▶ Action item: Go through the listing that follows and write it out exactly. Drop the pictures.

(Beginning of Collected data)

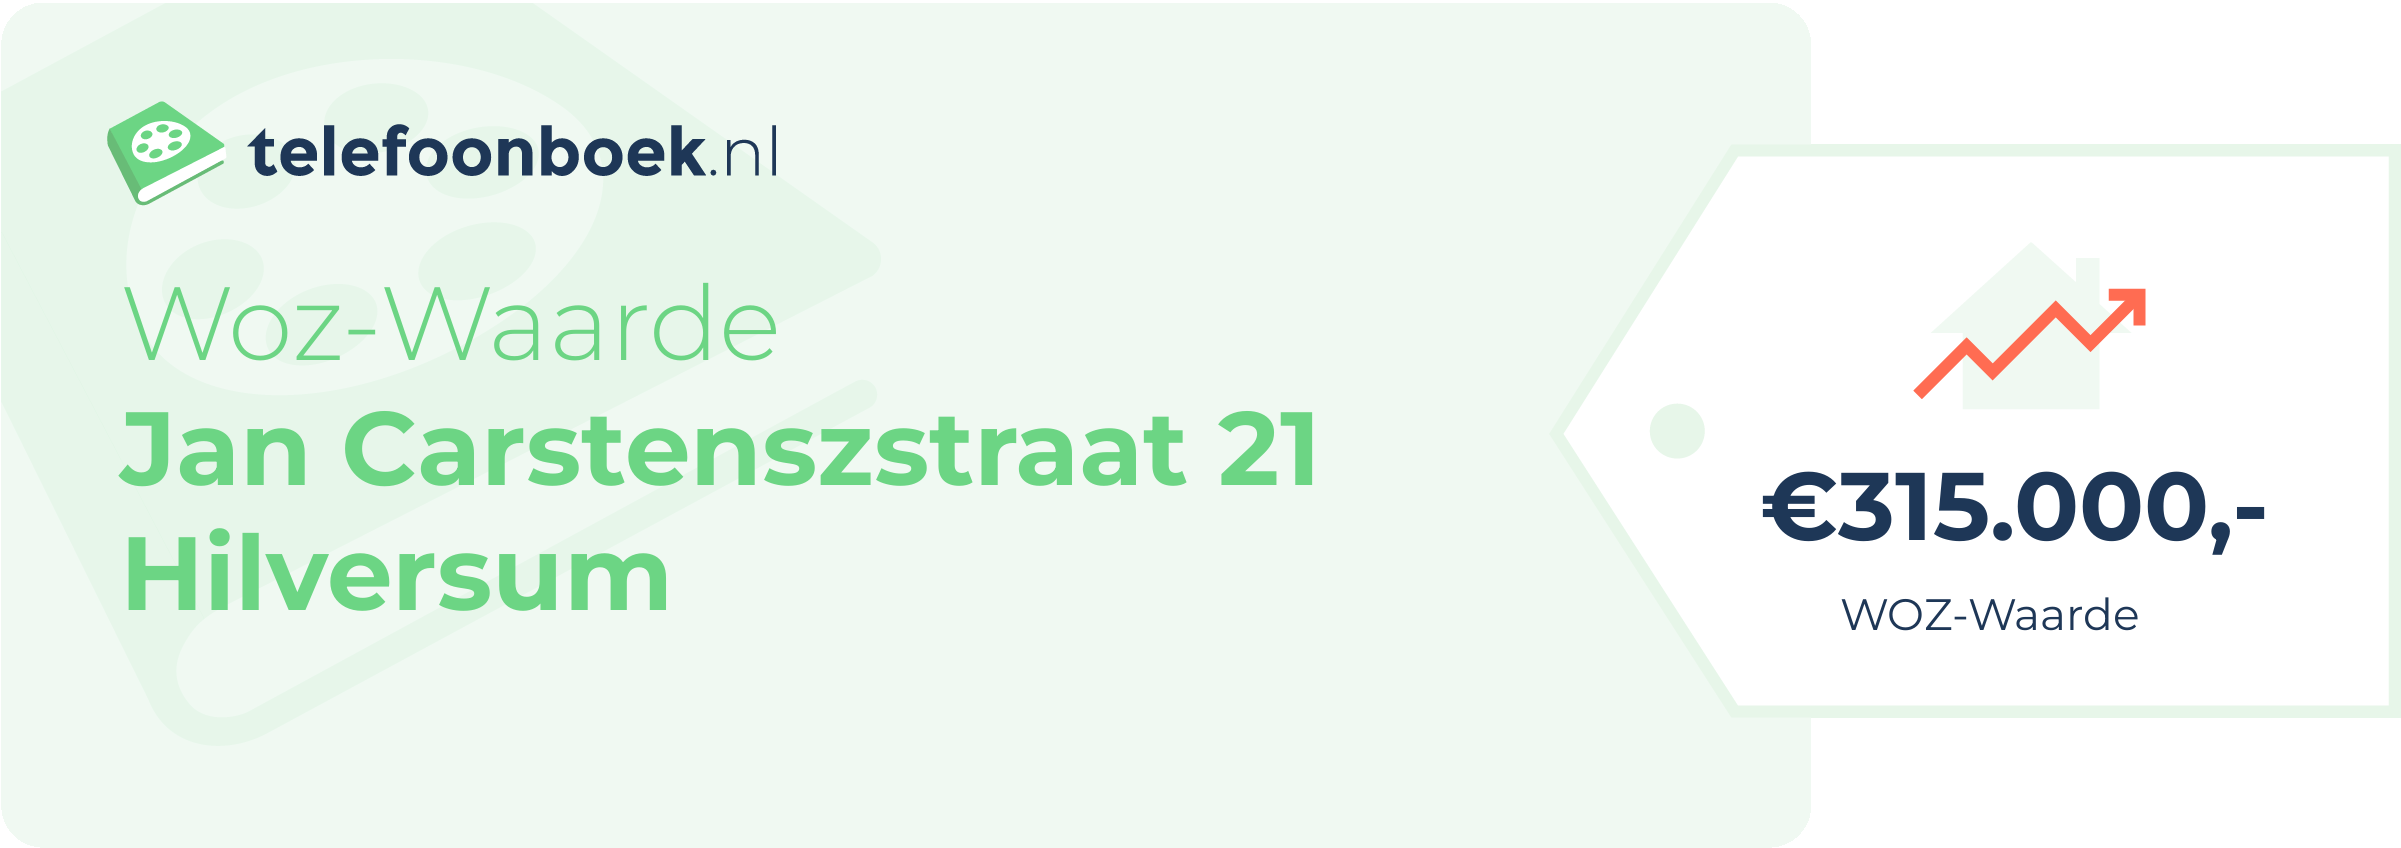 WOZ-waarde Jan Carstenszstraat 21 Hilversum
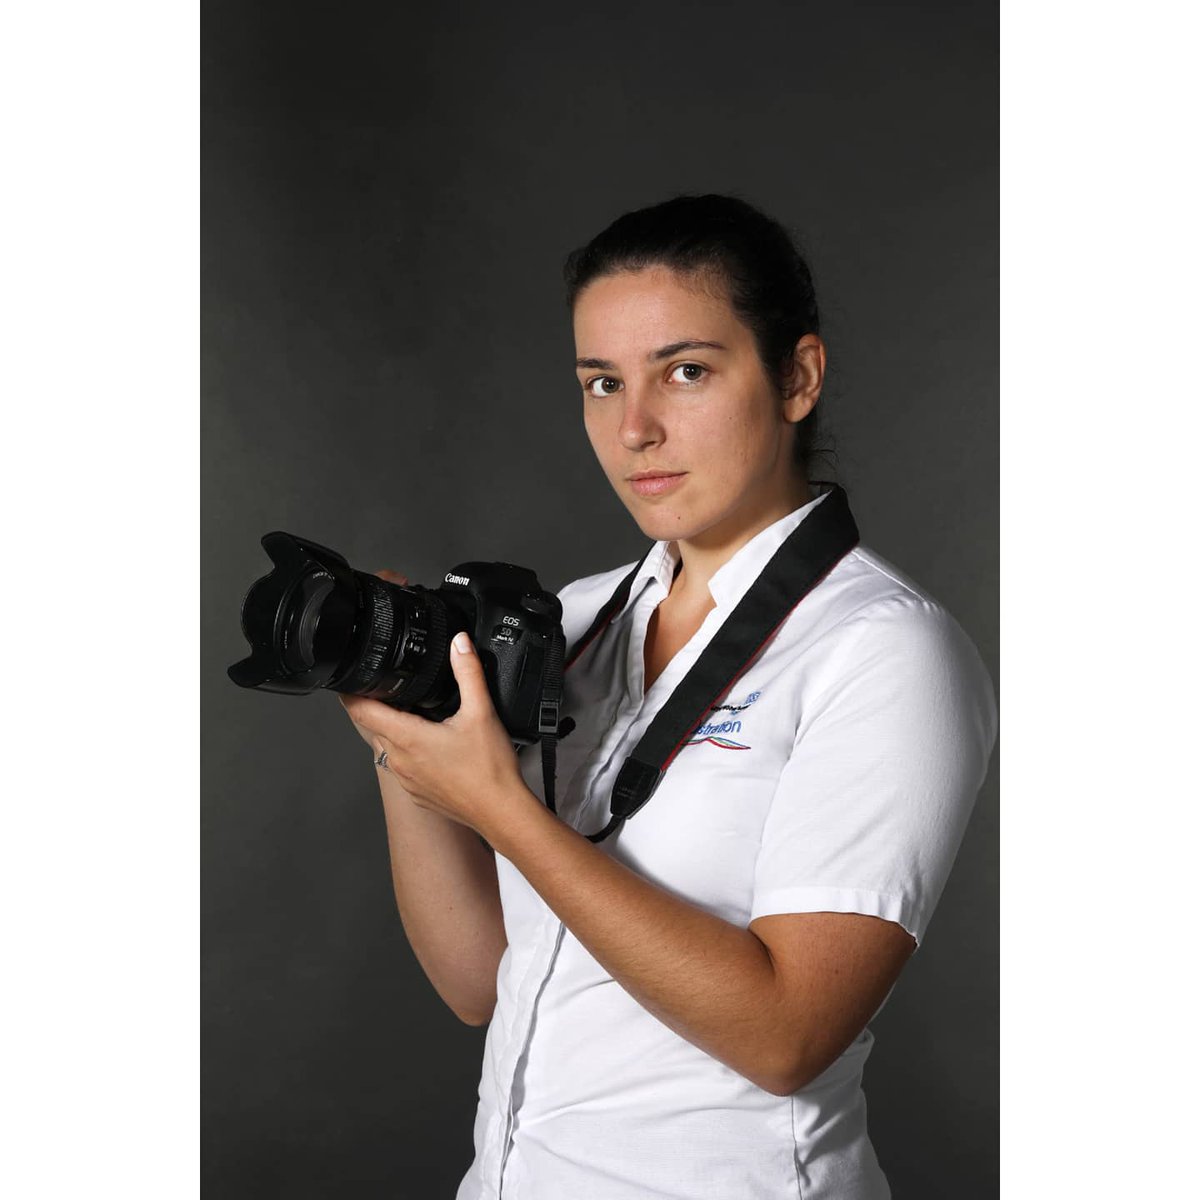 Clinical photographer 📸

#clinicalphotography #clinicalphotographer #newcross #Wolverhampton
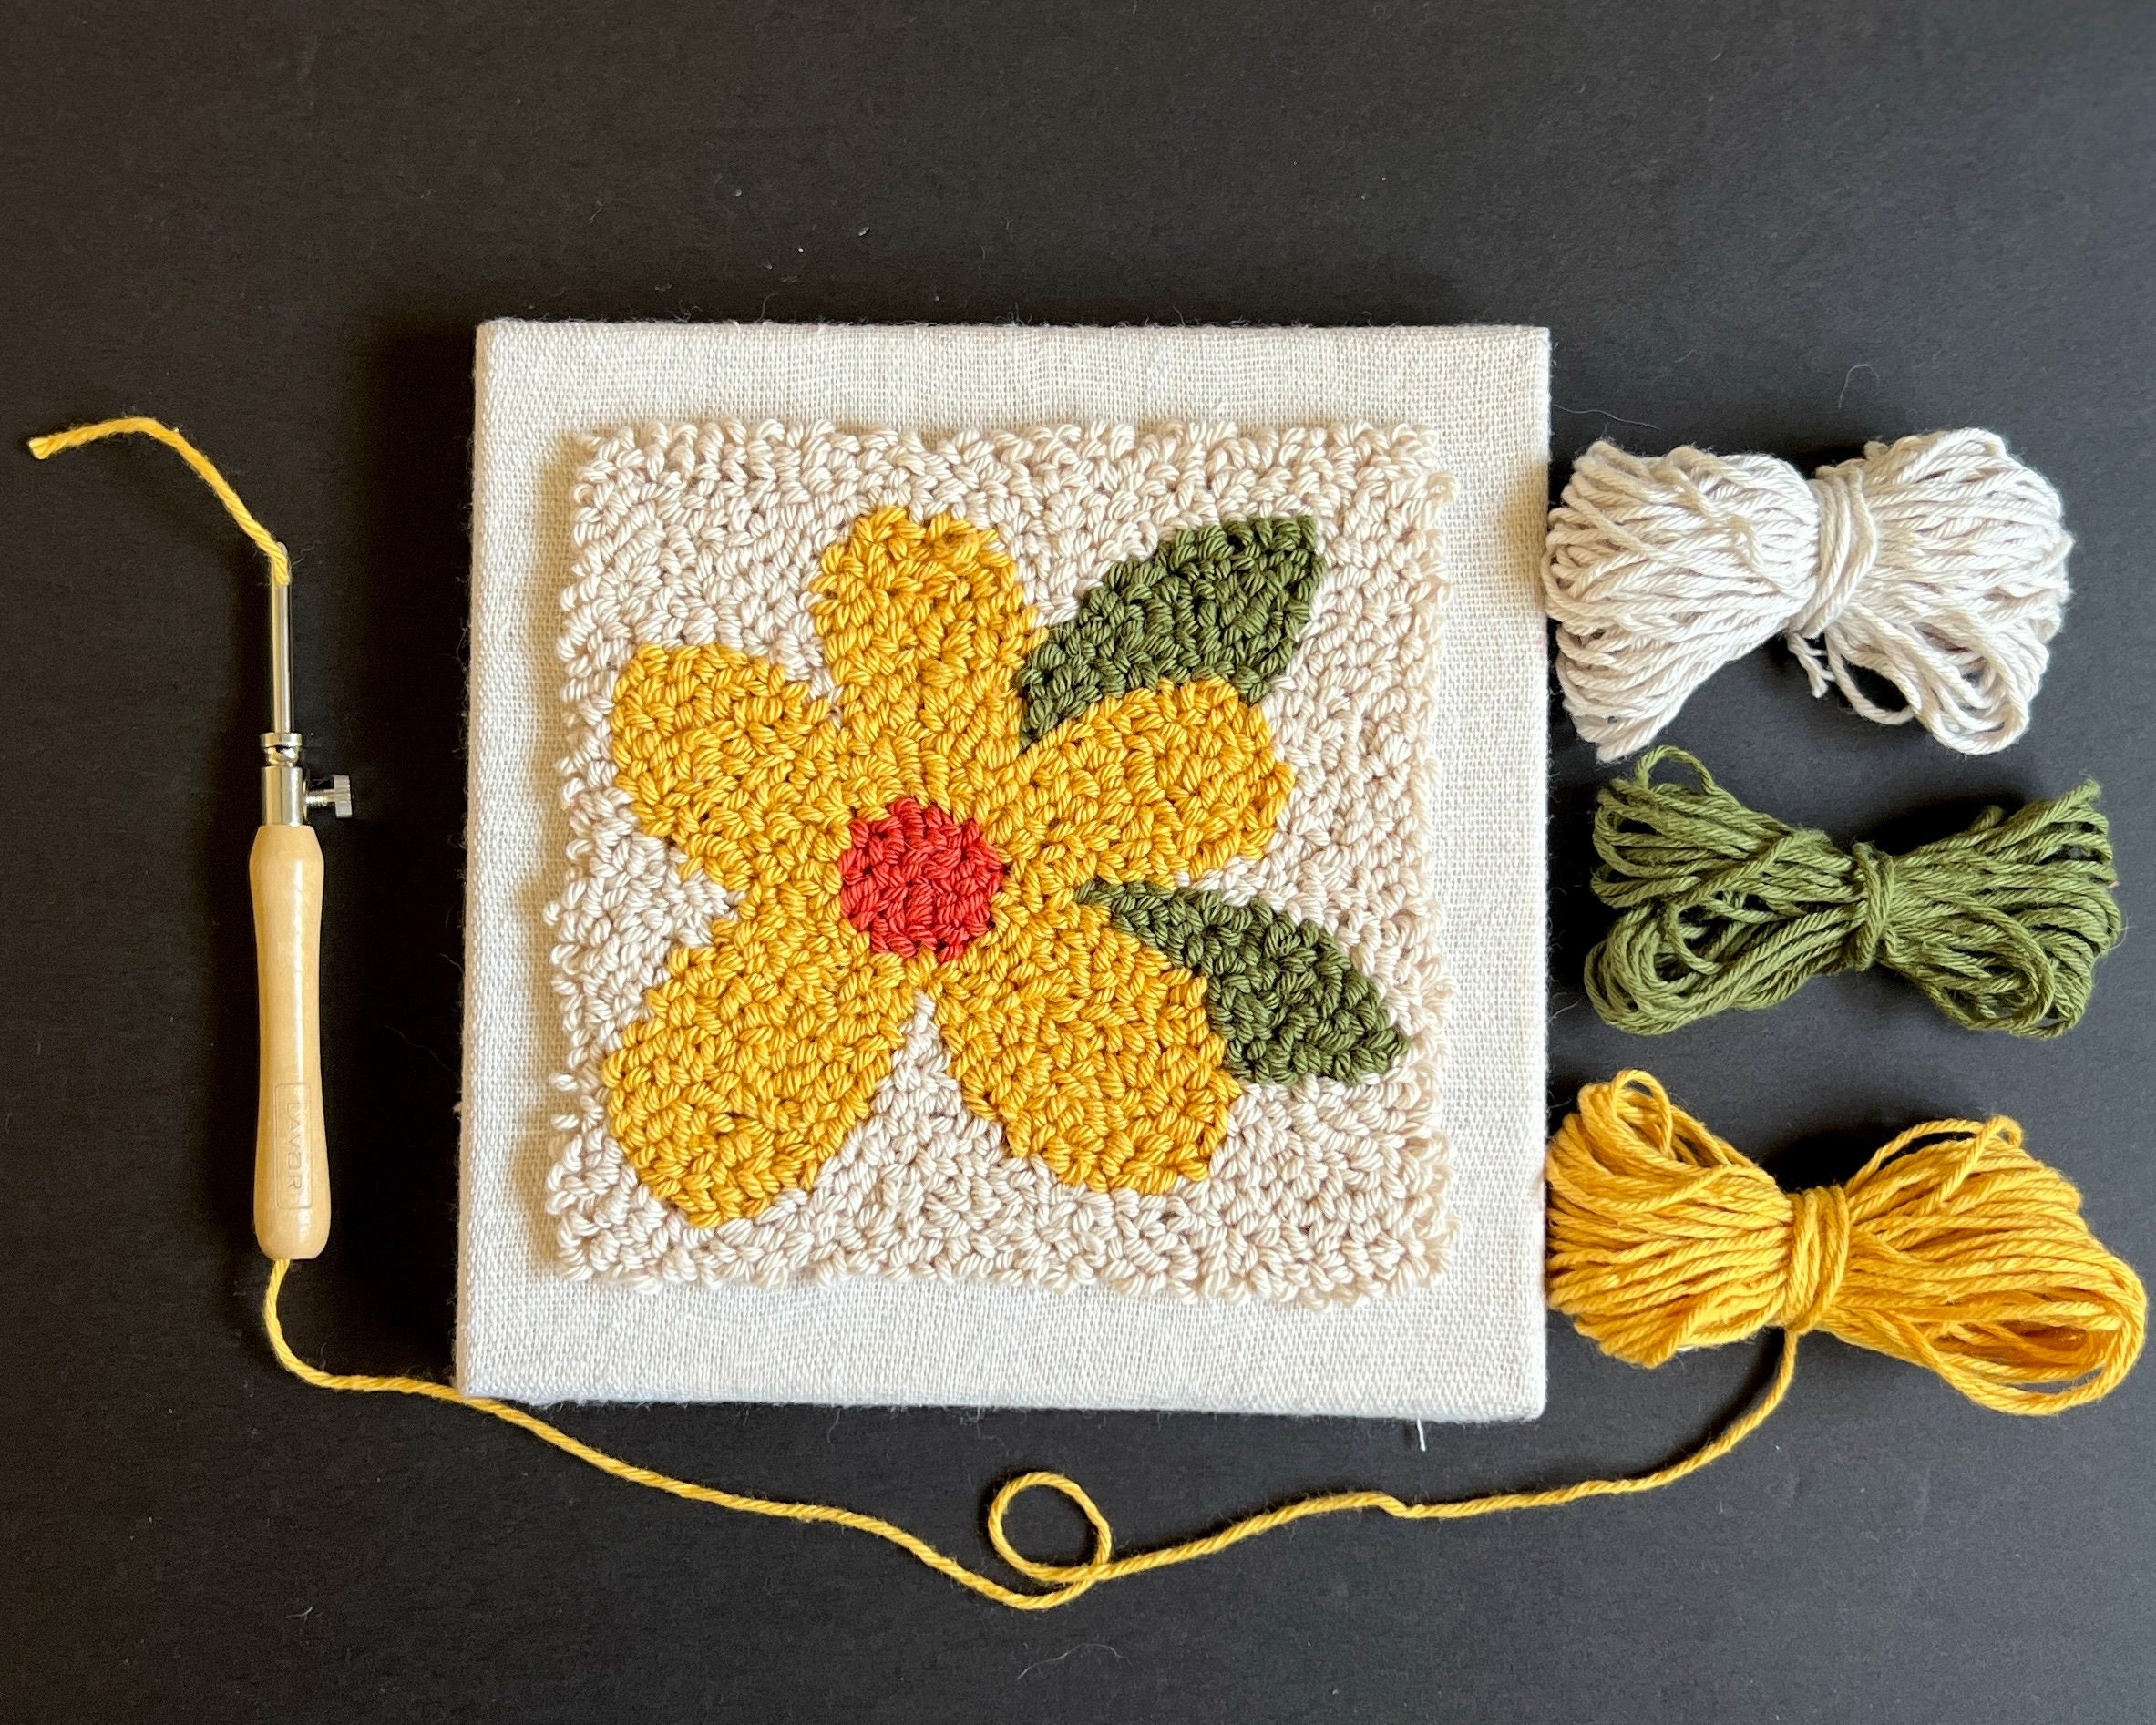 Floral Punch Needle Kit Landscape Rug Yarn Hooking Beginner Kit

(End of Collected data)

▶ Response area:
 WOZ-waarde Jan Carstenszstraat 21 Hilversum
 Clinical photographer 📸

#clinicalphotography #clinicalphotographer #newcross #Wolverhampton
 Floral Punch Needle Kit Landscape Rug Yarn Hooking Beginner Kit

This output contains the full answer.